A Tift County jury convicted Ruby Evans Thursday of malice murder, felony murder, aggravated assault and conspiracy to commit murder in the death of Sunday Blombergh.
After Evans' attorney, John Aspinwall of Waycross, told Superior Court Judge Melanie Cross that Evans wanted to go ahead and be sentenced, Cross handed down a sentence of life with the possibility of parole on the murder charge and 10 years on the conspiracy charge.
Ruby Evans' husband, Herman Evans, pleaded guilty to Blombergh's murder in July 2011 and testified at Ruby's trial earlier this week that she had repeatedly urged him to kill Blombergh, who was the estranged wife of Ruby's son, Theo, and was the mother of Ruby's grandchild.
Blombergh's body was found May 27, 2010, in Colquitt County near the Tift County line. Ruby Evans had reported her missing from their home on Briarwood Lane on April 26.
"She was pressing me to kill her," District Attorney Paul Bowden said Herman Evans testified. "If you loved me you'd do it… If you were a man you'd do it."

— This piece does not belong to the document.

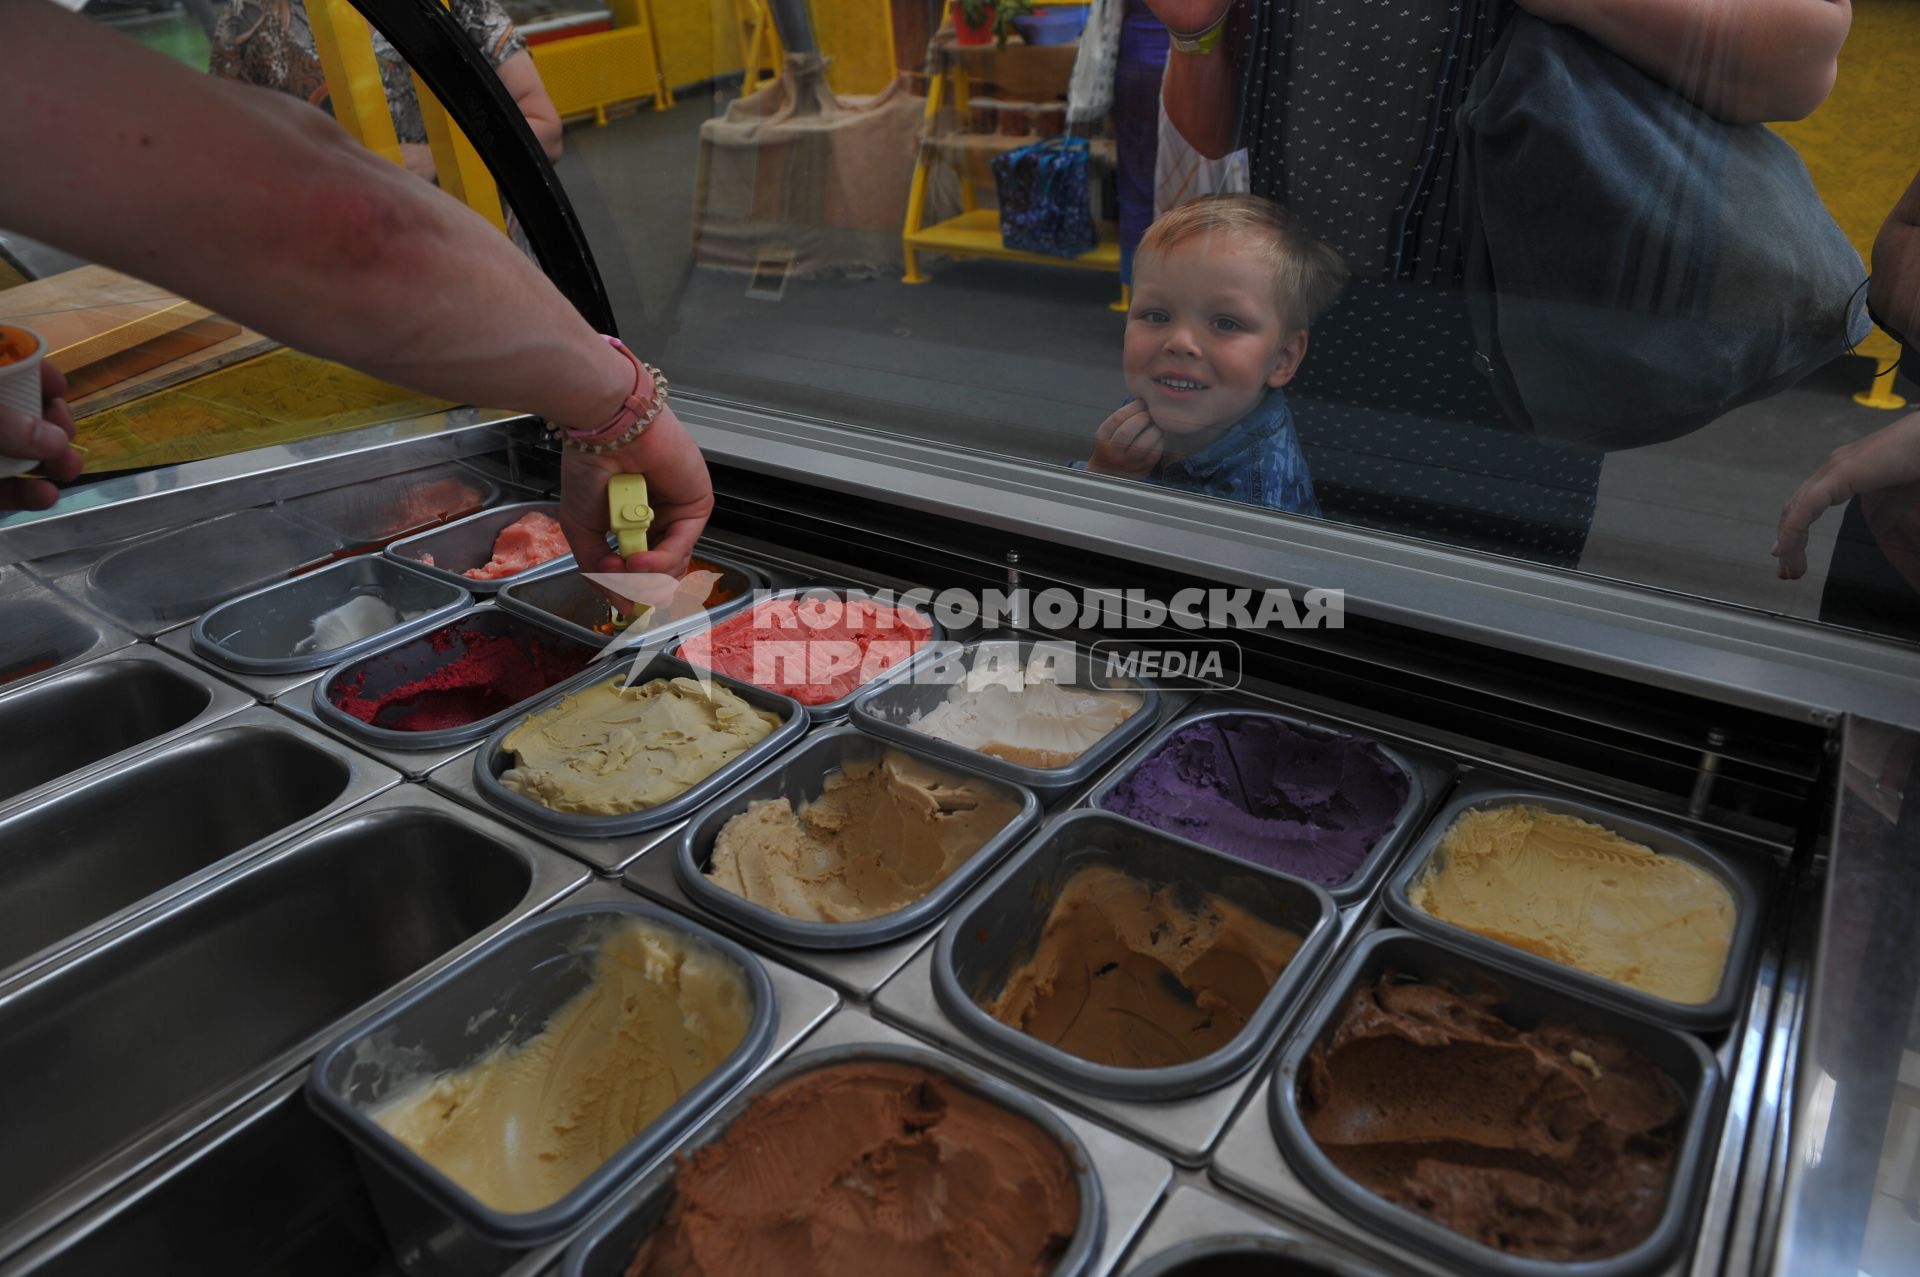 Москва.   Продажа мороженого на ярмарке выходного дня на ВДНХ.

Bowden said in his closing statements that Ruby Evans was obsessed with killing Blombergh as a way of keeping the grandchild near her as early as March 2010, when Theo Conoly came for a visit.
"He told his mother that Sunday had asked him to hit his mother up to get money for drugs," said Bowden. "This kicked off the conversation between them: She needs to go."
Bowden showed the jury a photo of Blombergh while she was alive, hung it on an easel and placed a picture of Blombergh's badly decomposed body next to it. "They took her from this (indicating the picture of an attractive young woman) and took her to this (pointing to the other photo)." Members of Blombergh's family wept at the sight of the second picture.
Bowden said Ruby Evans was like a chess player, manipulating first Theo and then Herman. Later, he said, she tried to manipulate law enforcement by reporting a gun that she still had stolen and telling them that Blombergh was missing when she knew that Herman had killed her.
"It seems apparent that Ruby never missed an opportunity to tell someone what a bad mother Sunday was," Bowden said.
"…Sunday had her issues. But was she as bad as Ruby would have everybody believe? I suspect not."
The monster in this case, said Bowden, was Ruby Evans.
During the sentencing phase, Blombergh's mother asked to speak. She turned and spoke directly to Evans. "You have successfully destroyed a little girl (the grandchild)," she said. "What, if anything did you gain from it?"
Before pronouncing the sentence, Cross said she had seen what Blombergh's family suffered during the trial. "What (the child) has been through, what she has lost, cannot ever be made up," she said.